- _Task goal_
Give the listing again word for word. Leave every image out.

- _Dataset extract_
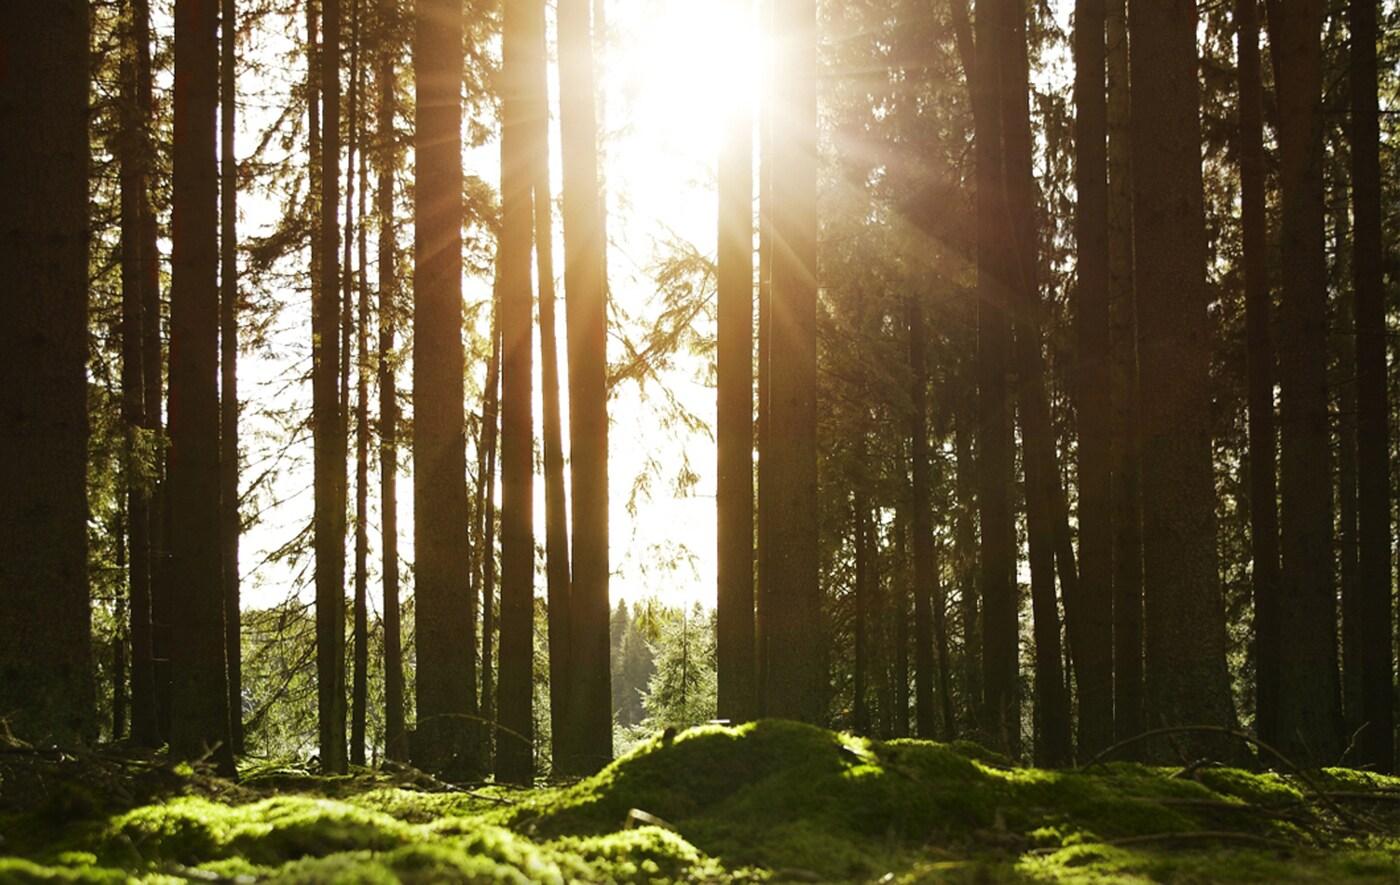 ضوء الشمس يخترق الأشجار في غابة صنوبر.
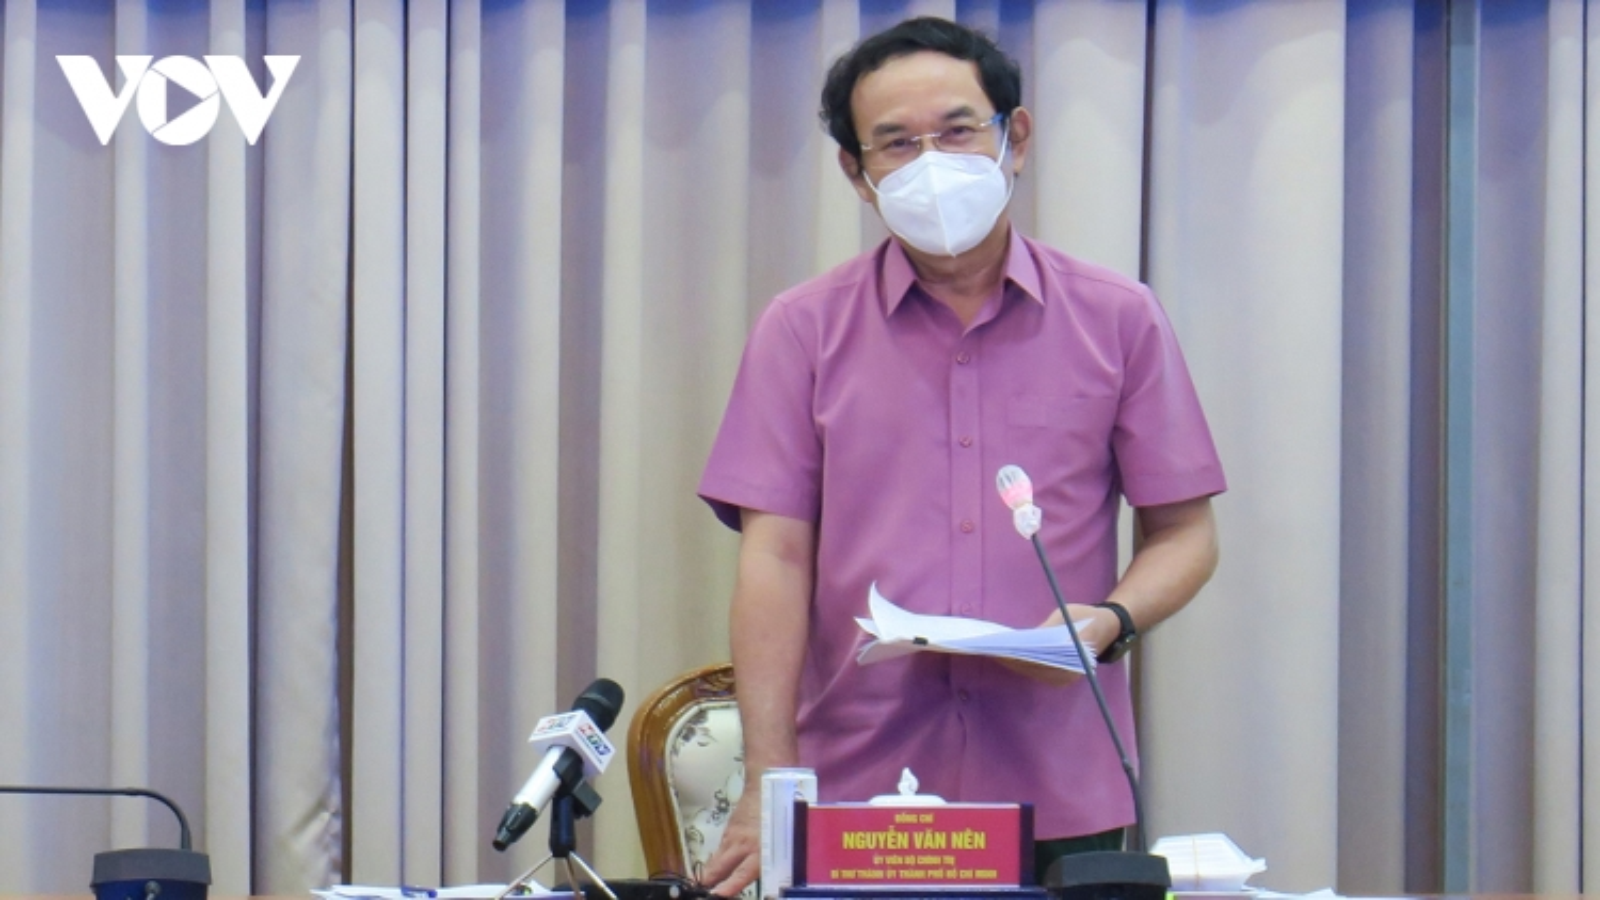 Bí thư Thành uỷ TP.HCM lắng nghe góp ý của chuyên gia về phục hồi kinh tế
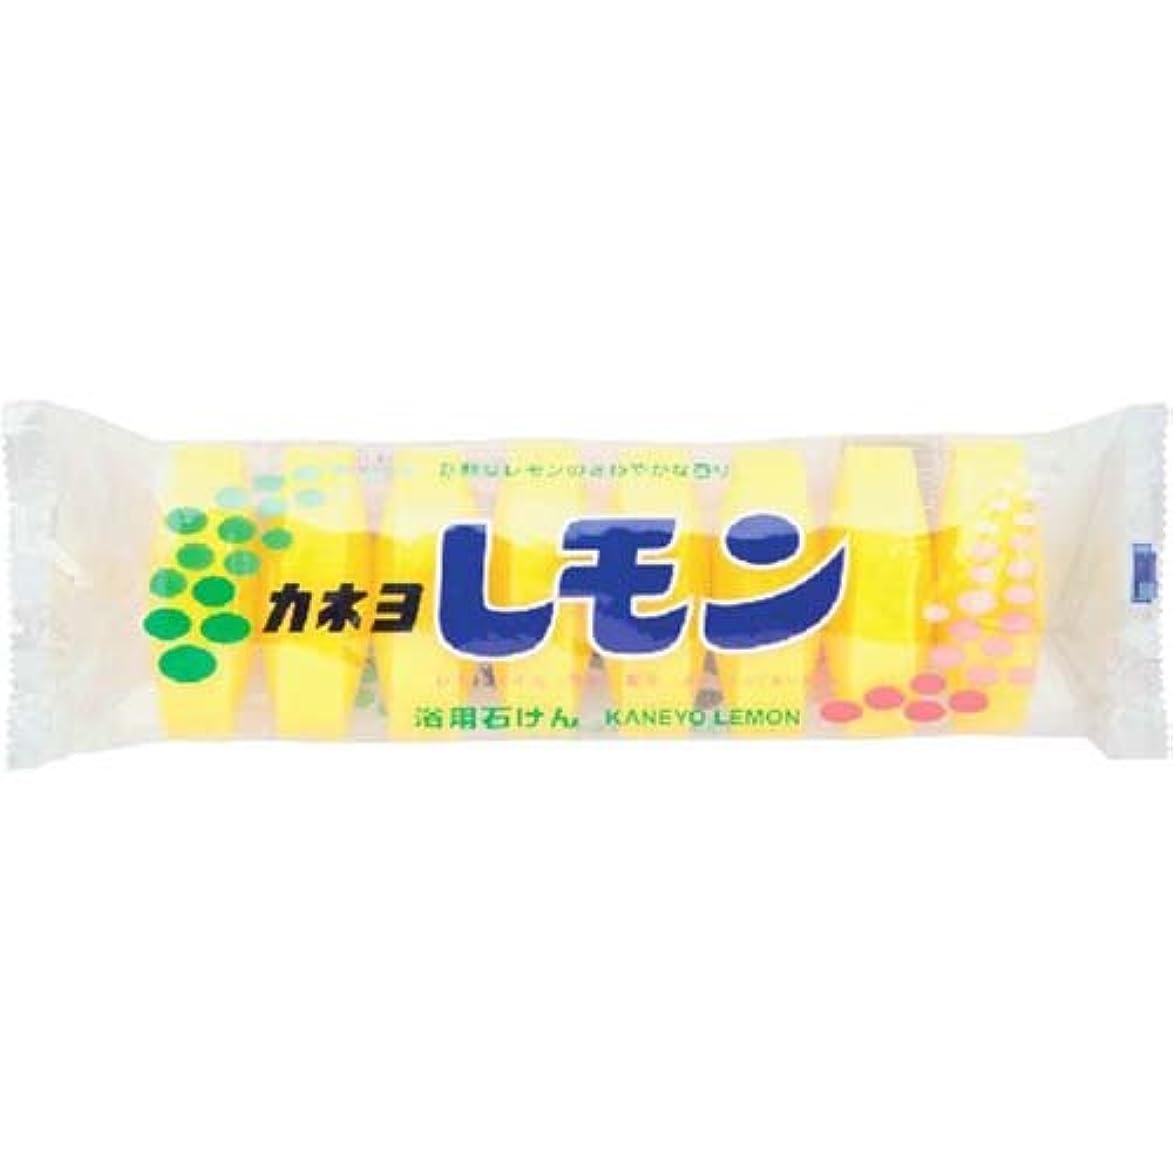 九時四十五分高原つぼみカネヨ レモン石鹸 8個

- _Exercise answer_
 ضوء الشمس يخترق الأشجار في غابة صنوبر.
 Bí thư Thành uỷ TP.HCM lắng nghe góp ý của chuyên gia về phục hồi kinh tế
 九時四十五分高原つぼみカネヨ レモン石鹸 8個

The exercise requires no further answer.